Report: Urban Meyer reassured Belichick about Hernandez
The New England Patriots knew that Aaron Hernandez had plenty of off-field issues before they drafted him in 2010. There’s a reason — or several — that Hernandez was a first-round talent who fell to the fourth round. So why did Bill Belichick and company take the chance?
Before we answer that, it should be noted that no one could have anticipated Hernandez being convicted of murder. As for the alleged marijuana issue and whispers of gang affiliation while at Florida, Belichick was reportedly assured by his close friend Urban Meyer that Hernandez had straightened out his act.
Greg Bedard of The MMQB recently spoke to former Patriots senior football adviser Floyd Reese, and Reese said Meyer “convinced” Belichick to take a chance on Hernandez.
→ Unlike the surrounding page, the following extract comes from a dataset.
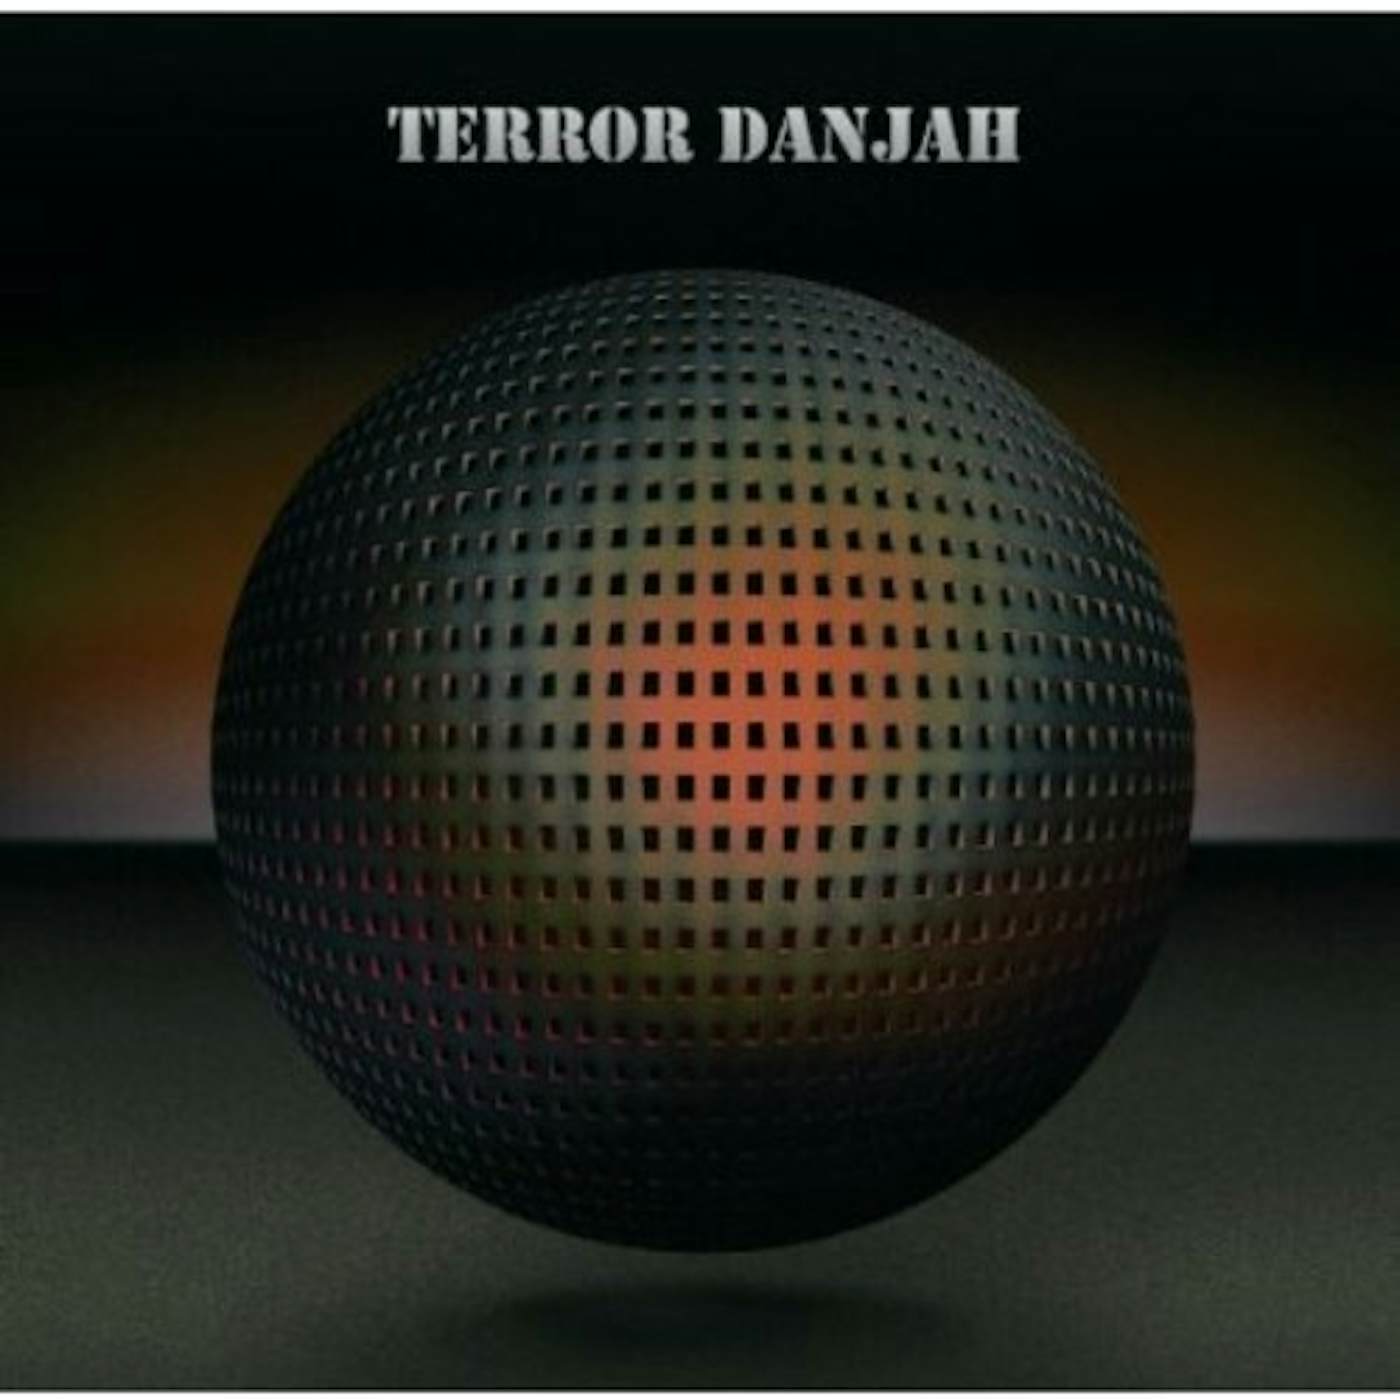 Terror Danjah GRAND OPENING Vinyl Record

“We knew he had some issues prior,” Reese said. “Meyer and Belichick were very, very close, and I think Urban convinced Bill that, you know, that these things weren’t going to be an issue. When we structured his first contract, his rookie contract, we probably had 75 percent of the money in the contract set up so that he would only make it if he stayed out of trouble, didn’t miss meetings, was always there doing the right thing. And for the period of the original contract, he lived up to every bit of it. So it turned out well. Of course, after that, after he signed (his $40 million contract extension), things kind of went awry.”
Does that mean Meyer is to blame? Of course not. He may have felt that Hernandez had seen the light, but the Patriots obviously agreed if they signed Hernandez to a huge extension.
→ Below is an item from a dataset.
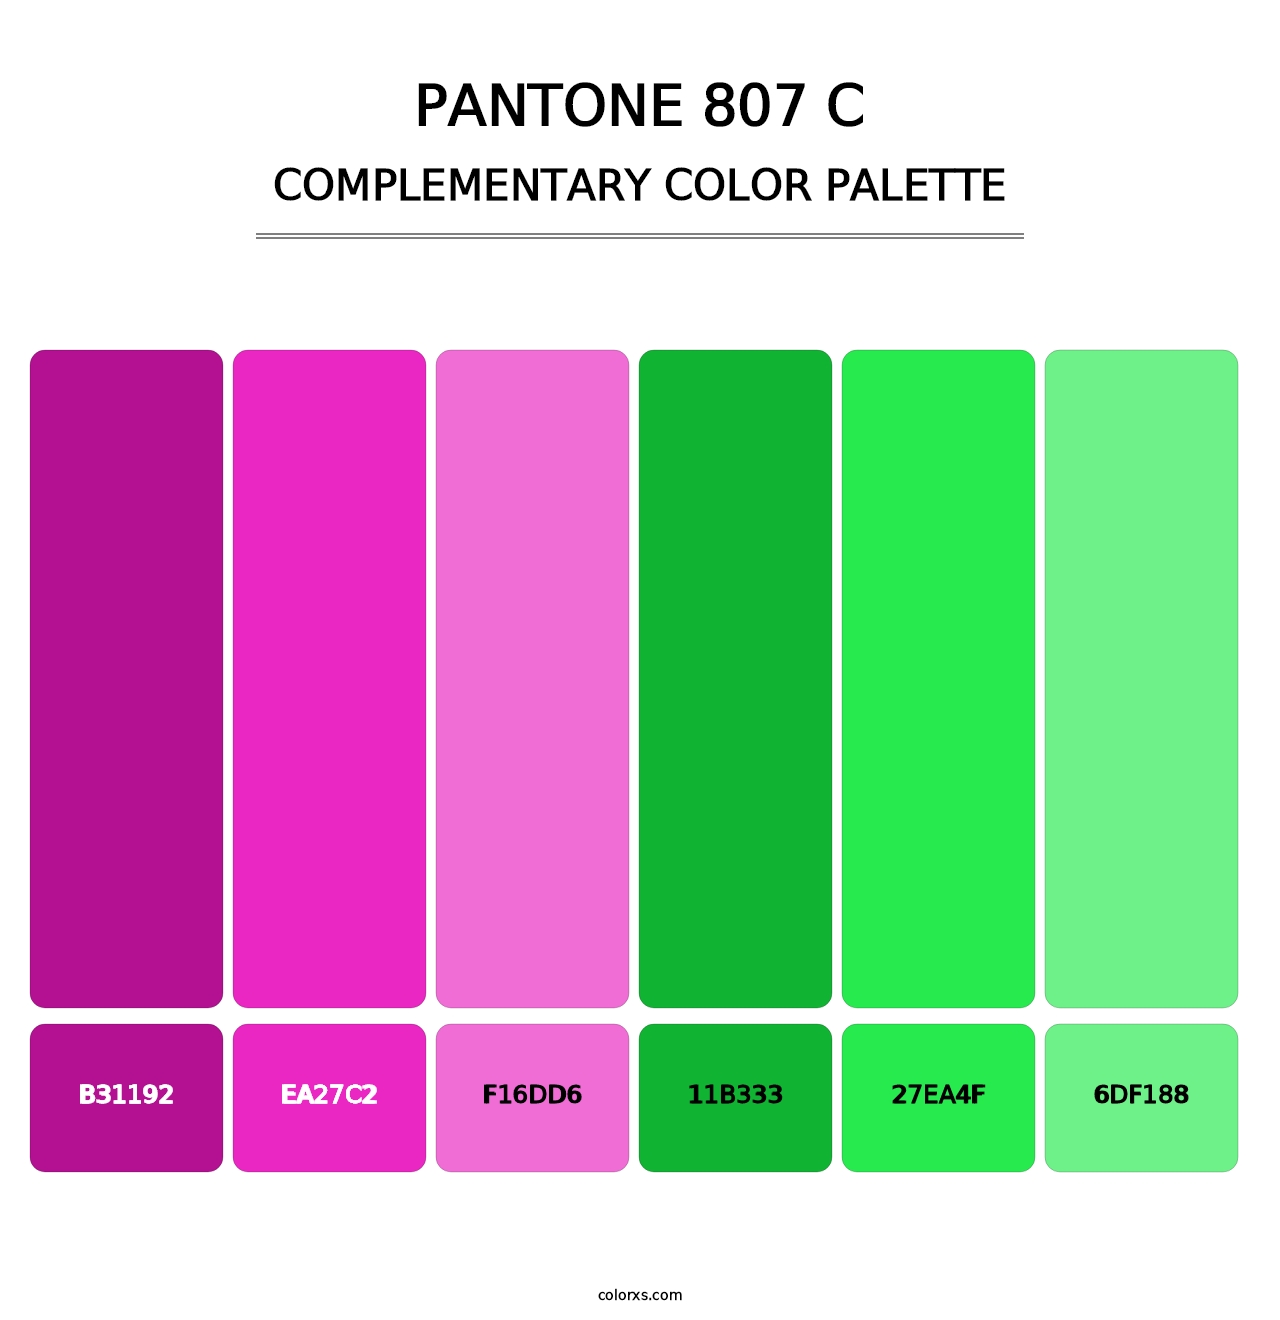 PANTONE 807 C - Complementary Color Palette

Perhaps even more interesting is Reese’s assertion that being drafted by an NFL team so close to his hometown of Bristol, Connecticut, was bad for Hernandez.
“Aaron grew up in a tough environment, but he went to the University of Florida to get away from Hartford, to get away from that environment,” Reese said. “He knew it would be better for him. ... The truth is, the vast majority of guys that have maybe had a tough upbringing, when you throw them into a great locker room, great organization, great place to play, they come out of it. They see the other side of it. ‘Why would I ever want to go back to that other place?’
“The problem is you run into an Aaron Hernandez, who can’t get there. He’s comfortable back in Hartford . . . with all that trouble.”